Shown is the distribution of true functional-domain ranks predicted by Model IV, trained on bacterial plus fungal genomes. Each bar represents the count of domains grouped by similarity tag (L1, L2, L3, or None). Most L1 domains were correctly predicted as rank #1, while a substantial number of None domains (no detectable similarity) were also predicted as rank #1, indicating that the model generalized its accuracy beyond training examples.
For the 3,157 unique functional domains among the 14,455 total unique domains in the training dataset of Model IV, the mean true domain rank showed a positive correlation, while the average probability of being ranked as top-1 exhibited a weak decreasing trend, with increasing median rank (Fig 9A and 9B). In contrast, token counts per domain in the training and evaluation datasets did not show apparent such trends (Fig 9C and 9D), indicating that the model learned genomic domain organization independently of token frequency. Domains tend to be predicted as functionally related types; for example, one of the most frequent domains in datasets, ketoacyl-synt, catalyzes the condensation reaction that extends polyketide chains, and is often predicted within the top ten as KR, Ketoacyl-synt_C, Acyl_transf_1, or PKS_DE, which are known to participate in polyketide synthesis [21]. This indicates that the model successfully captures functional relationships among biosynthetically related domain types.
(A) Mean, median, and standard deviation of true token ranks. (B) Average probability of being ranked as top-1. (C) Token counts in the training dataset. (D) Token counts in the 2,492 MIBiG BGCs used for evaluation. Tokens are ordered by the median of true domain ranks. The mean true domain rank shows a consistent increasing trend, while the average top-1 probability exhibits a weak degreasing trend with increasing median rank. In contrast, token counts in the training and evaluation datasets show no apparent correlation with prediction rank statistics.
Context dependency of domain prediction
To determine how input context affects domain prediction by the constructed models, we performed a systematic perturbation analysis in which input domains were randomly altered. We observed the prediction probability of the true domain at a masked position domain by Model IV as increasing the number of altered domains (Fig 10).

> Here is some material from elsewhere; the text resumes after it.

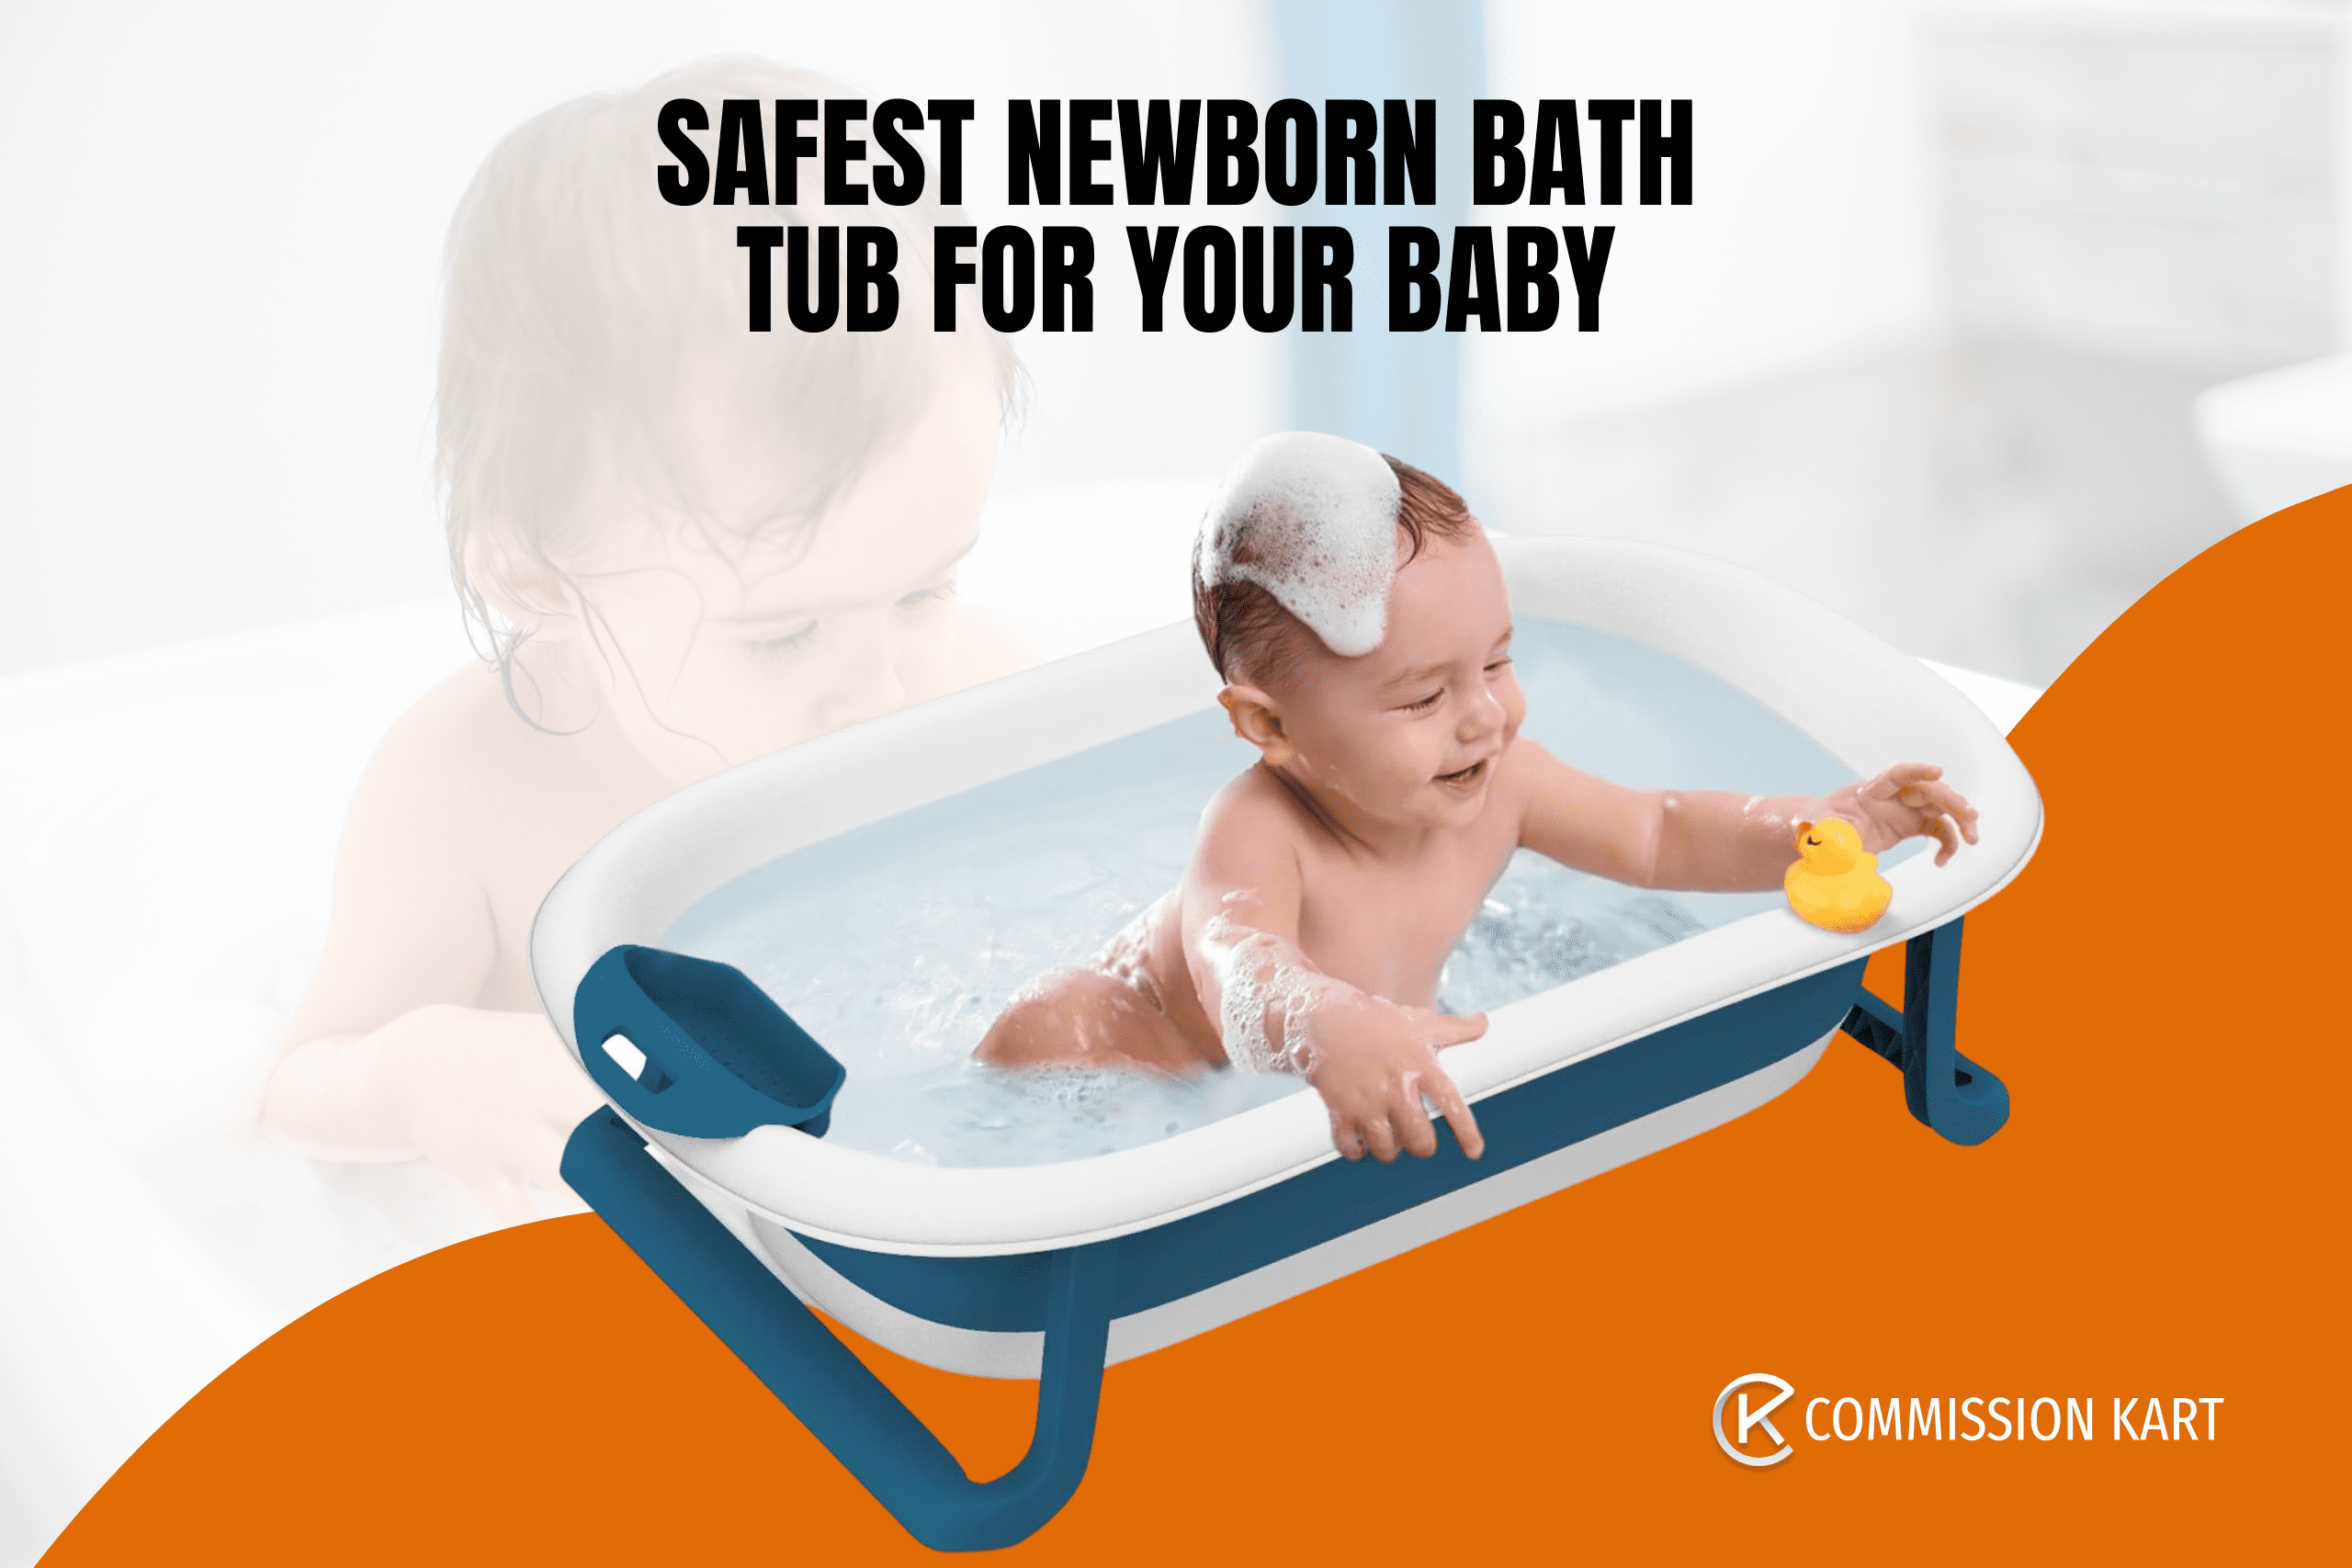 The Complete Guide to Choosing the Safest Newborn Bath Tub for Your Baby

(A) Schematic of the perturbation experiment to investigate how prediction accuracy for a masked token changes when randomly substituting other tokens in the input sequence (excluding [SEP] tokens). Colored arrows represent functional domains in proteins. (B) Prediction results for domain clusters consisting of 6, 11, 16, and 21 tokens (sample sizes of 81, 66, 71, and 65 clusters, respectively). The y-axis shows the model’s prediction probability for the correct token at the [MASK] position, while the x-axis indicates the number of randomly substituted tokens. Shaded areas represent standard deviations across samples.
The average prediction probability decreased monotonically as replacement rate increased, across BGCs containing 6, 11, 16, and 21 functional domains from the MIBiG database (Fig 10B). These results indicate that unmasked domains serve as critical contextual cues, effectively guiding the model in predicting masked BGC domains.

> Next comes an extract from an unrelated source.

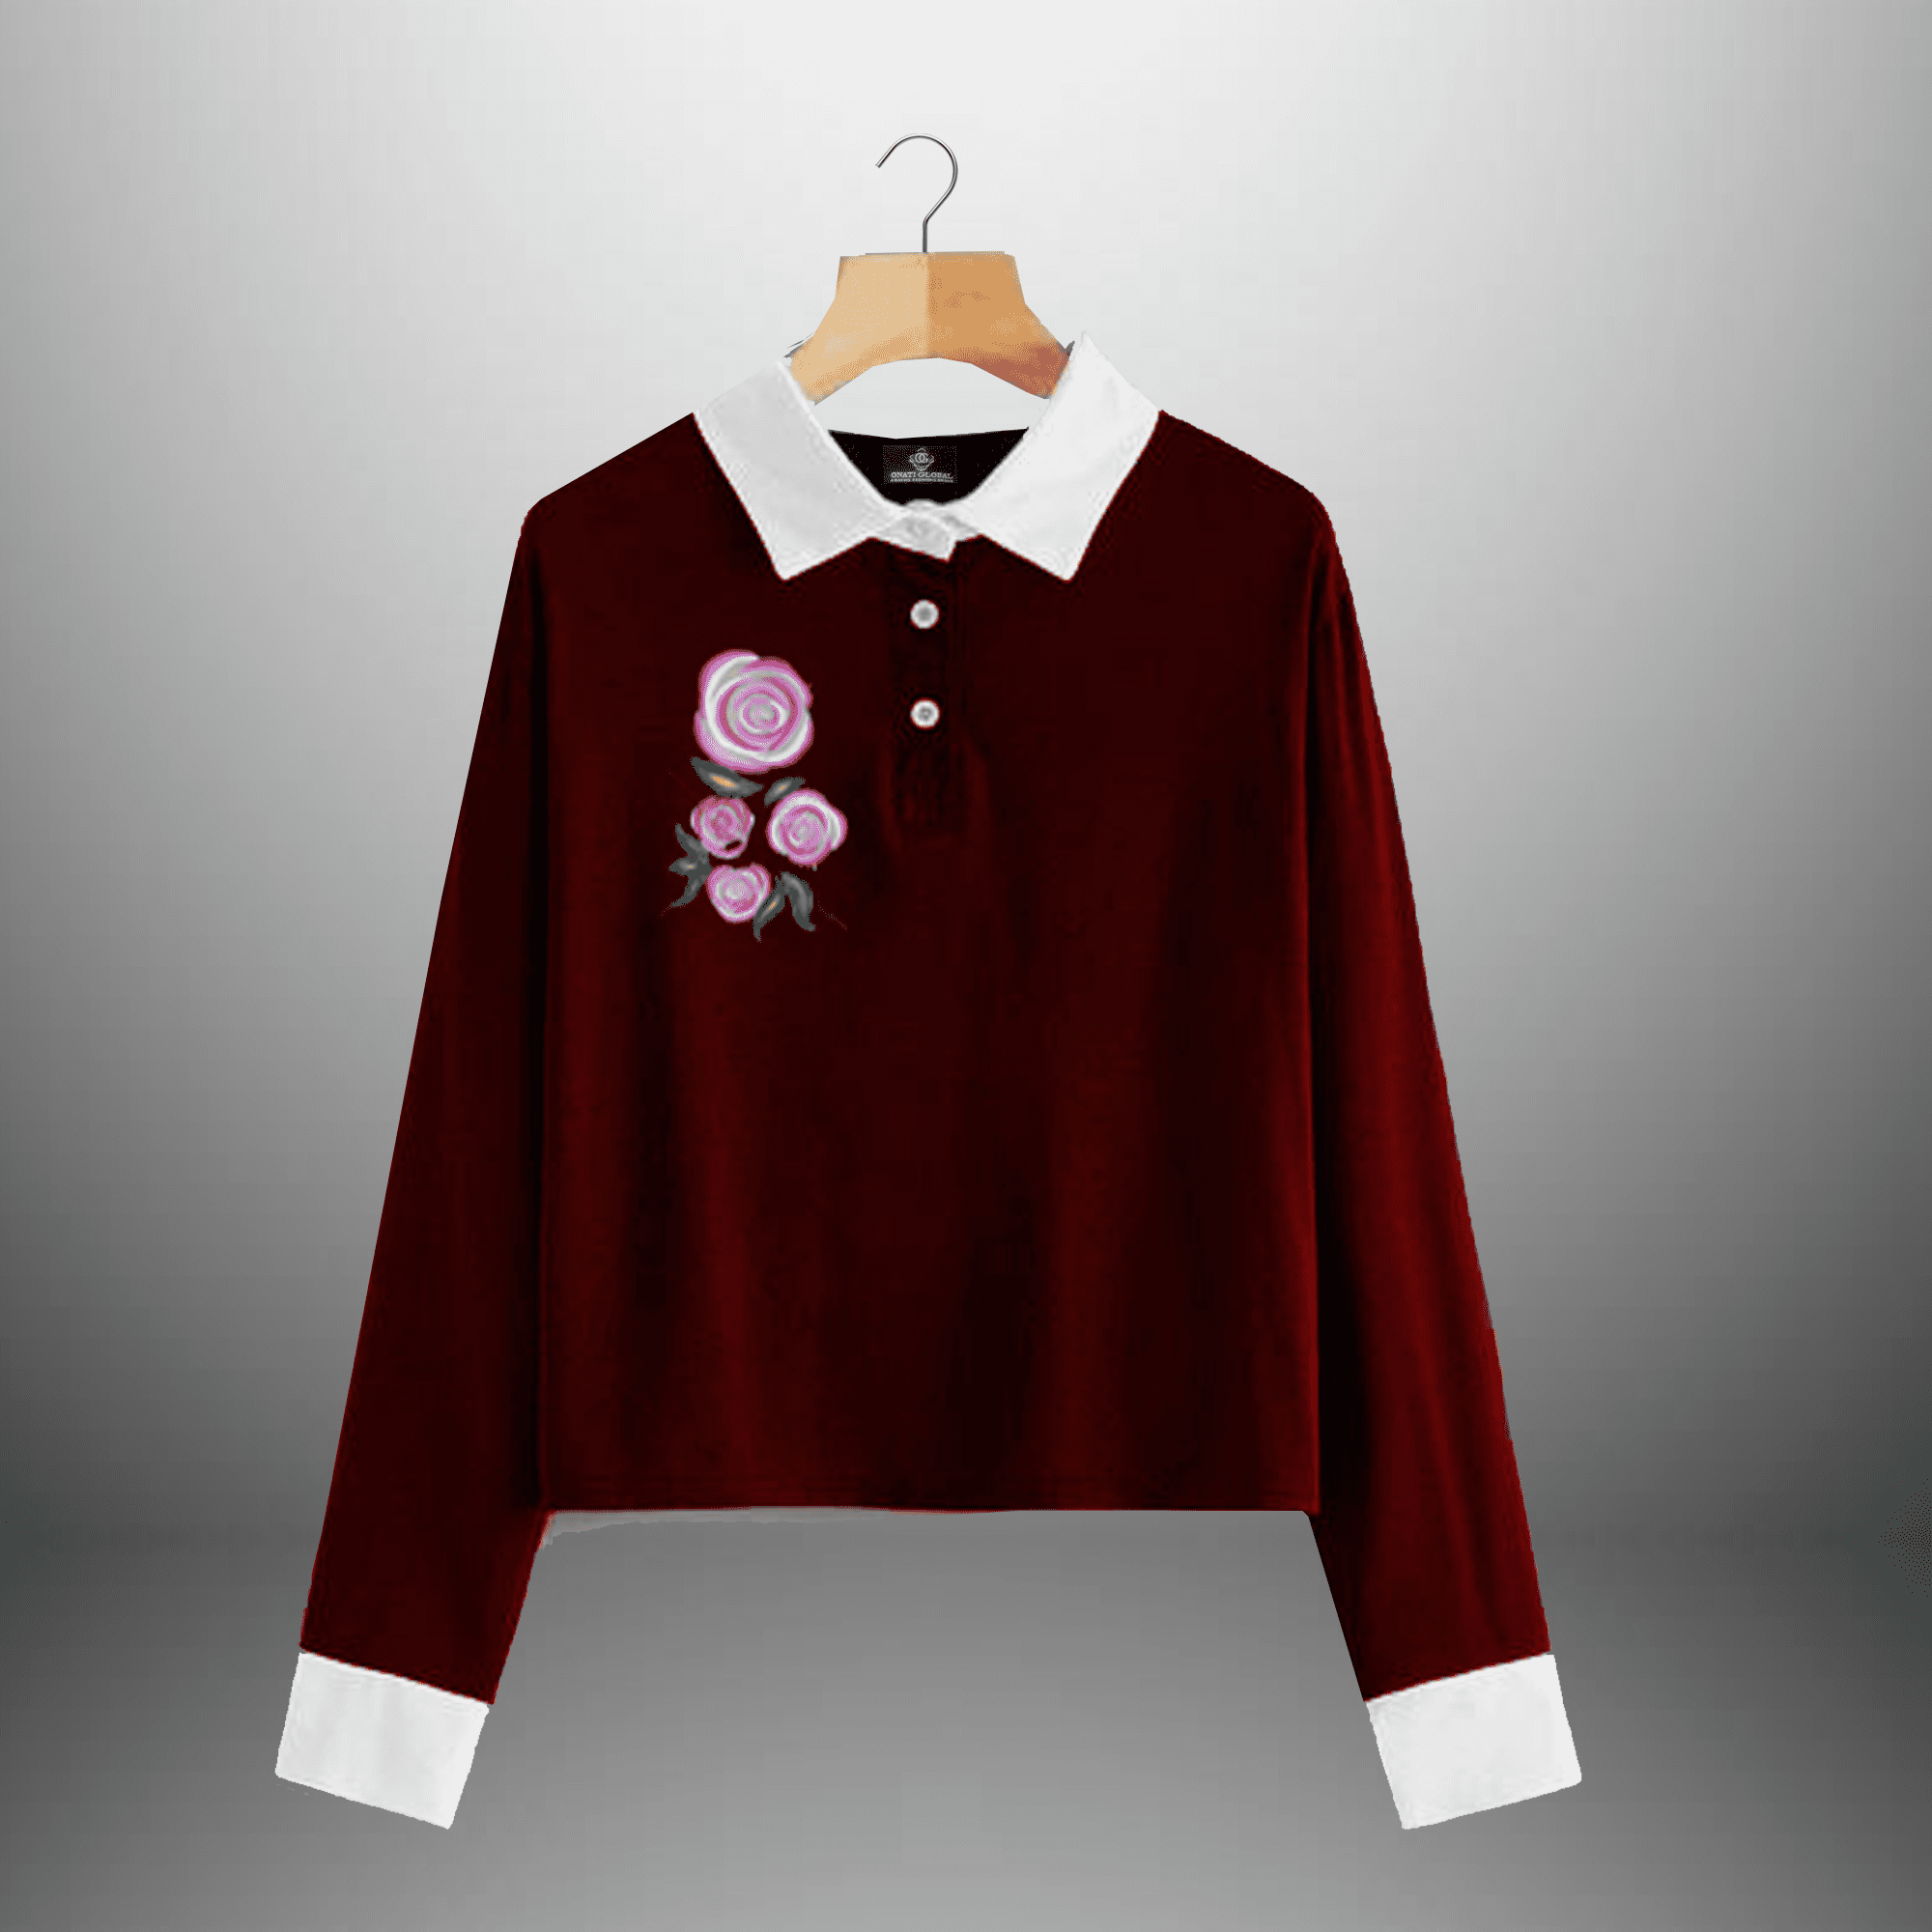 Maroon T-shirt Style Top with White Collar and Rose Embellishment-RCT129

Design of Artificial BGCs from Model Prediction
We next tested the model’s generative capability to propose plausible domain combinations. Compared to the model trained solely on known BGCs, the model trained on comprehensive genome datasets is expected to predict broader and more diverse sets of biologically plausible domain combinations, including those not observed in known BGCs. To illustrate this, we compared the candidate lists generated by Model I (trained only on BGCs) and Model IV (trained on bacterial plus fungal genomes) using the cyclooctatin biosynthetic pathway as a case study. Cyclooctatin is a C20 diterpene produced by Streptomyces melanosporofaciens, whose biosynthesis is catalyzed by four enzymes, CotB1 through CotB4 [22] (Fig 11). CotB1 synthesizes geranylgeranyl diphosphate (GGDP), while CotB2, the main terpene synthase, catalyzes the cyclization and hydroxylation of GGDP to produce cyclooctat-9-en-7-ol (Fig 11B). Subsequently, CotB3 and CotB4, both P450 hydroxylases, introduce hydroxyl groups at the C5 and C18 positions, respectively, to yield cyclooctatin (Fig 11B).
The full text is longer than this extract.